I was at first somewhat contemptuous of the concept of the book, which seemed to be telling men how good they have it—if they have a college degree. I've read more, though, and it's clear he's also concerned about men with less education, as they are frankly unappealing to many potential opposite-sex mates.
This story from earlier in the year in the New York Times about how health care is a path to the middle class in rural communities had a striking account of a marriage in the middle, between a nurse and a pipe fitter:
Mr. Waugh has talked about trying college again; he dropped out twice in the past. At one point, his wife even filled out application papers for him to jump-start his re-enrollment, but he did not pursue class work.
“My philosophy is he is lazy,” Ms. Waugh said, standing in the hospital’s white hallway. “That’s what makes me so mad.”
Then later:
But later this year, when her classes and other course work are finished, Ms. Waugh will qualify as a nurse practitioner, a job that she expects will allow her to earn at least 50 percent more than her current salary. And she will be prepared, she believes, for almost anything to come.
“I knew if I was a nurse I could be self-sufficient,” she said, “and wouldn’t have to rely on anyone to take care of me.”
You hardly have to read between the lines to see what's coming in Ms. Waugh's life.
But the marketing for his book and the general coverage of this educational mismatch over the last few years in media is that women have less choice—scarcity of ostensibly desirable partners afflicts women more than men. The conclusion is that men don't have to be as committed, that it contributes to hookup culture (with the implication often that that's bad), and that women are at a disadvantage.
Thus, the message to women with a college degree who date and marry men is you'll have to settle for anything, even one-night stands, because the men you want are in a buyers' market, and they don't have to grow up and show commitment. Sexual freedom is characterized as a penalty instead of an option, one in which men hold the cards because they are scarce, even though that's not the case in the sexual marketplace.
Less-educated women ostensibly have much more choice—more men in their same-education pool—though with less education comes less earning power and freedom, too.
I suspect we'll see an evolution of more modes of living in which women in this scarcity model find ways of supporting each other, whether in or out of romantic relationships.
Cui Bono?
There's no grand conspiracy that manufactures this. It's like the patriarchal immune system spitting out antibodies to try to clamp down on systemic change. No one person or organization or movement is behind this. But it has the same end, however it comes about: Women, incomplete without men; many men, even though "outcompeted," can avoid commitment, and have their pick of women. It's not at all unclear who this narrative benefits.

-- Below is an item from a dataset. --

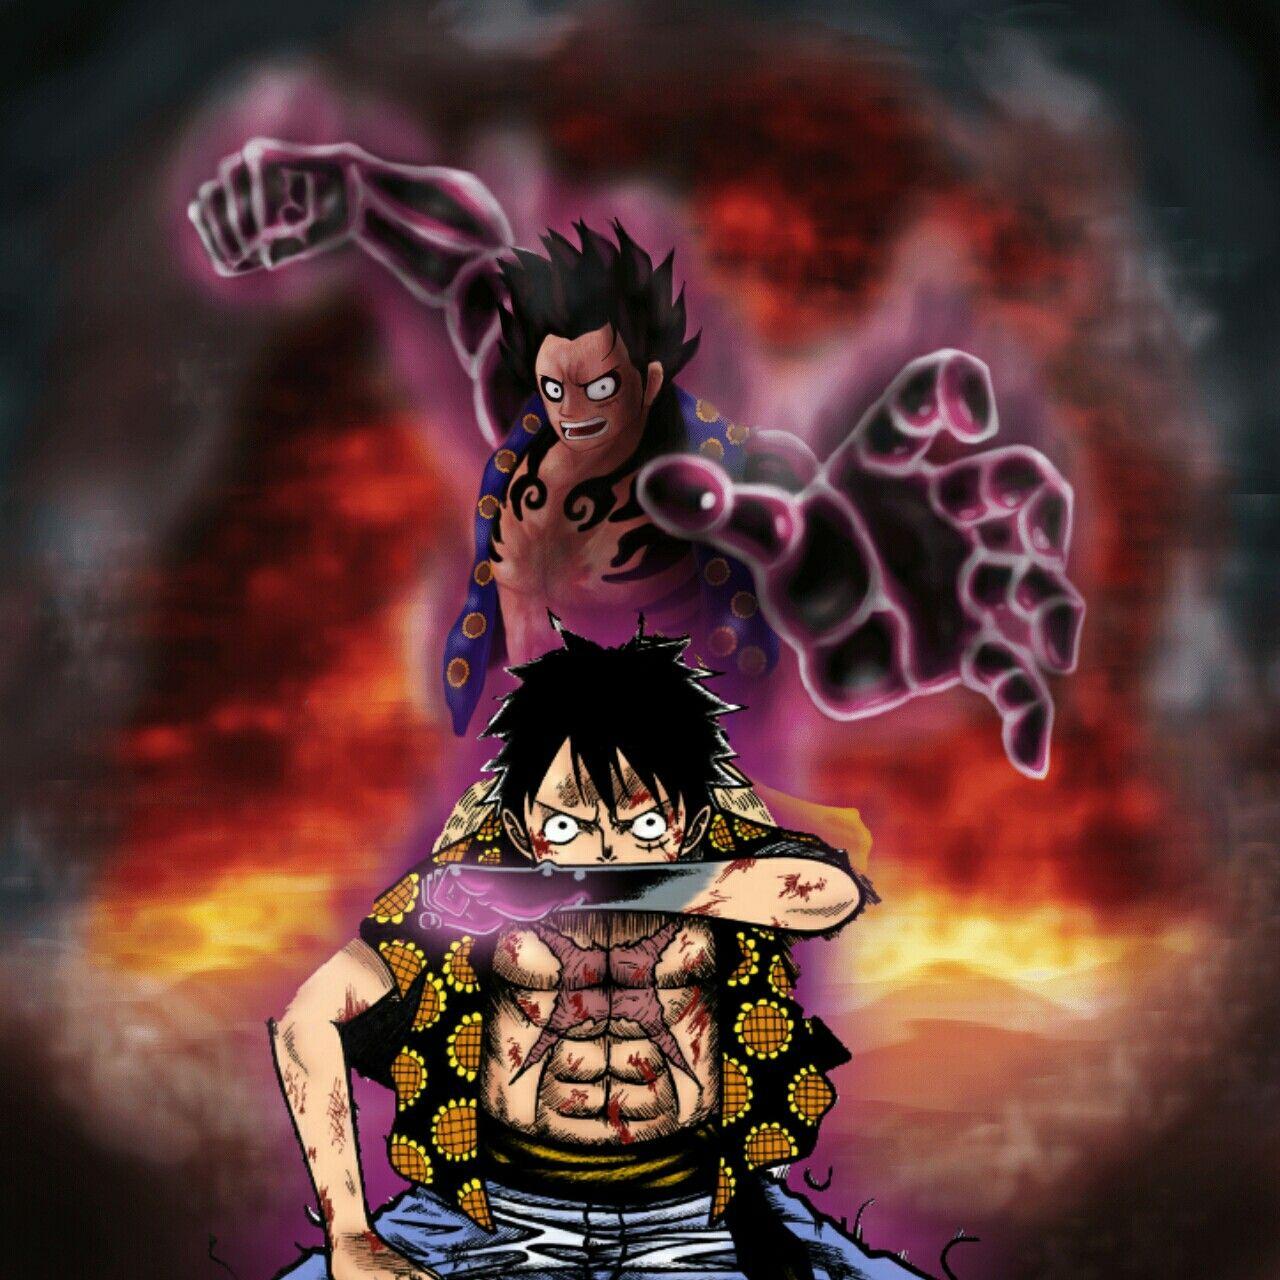 Luffy Gear 4 Luffy Gear 4 Luffy Gear One Piece Luffy

Given that men dominate the media landscape, and have a high predominance in editorial positions, stories on this topic are often going to reflect both the editor assigning and the writer producing it, who will generalize from their lived experience, which isn't per se inaccurate, but doesn't typically stretch in these kinds of stories beyond a prevailing narrative. A counter-narrative with nuance that doesn't implicitly shame women who reject the scarcity theme is unlikely to emerge broadly.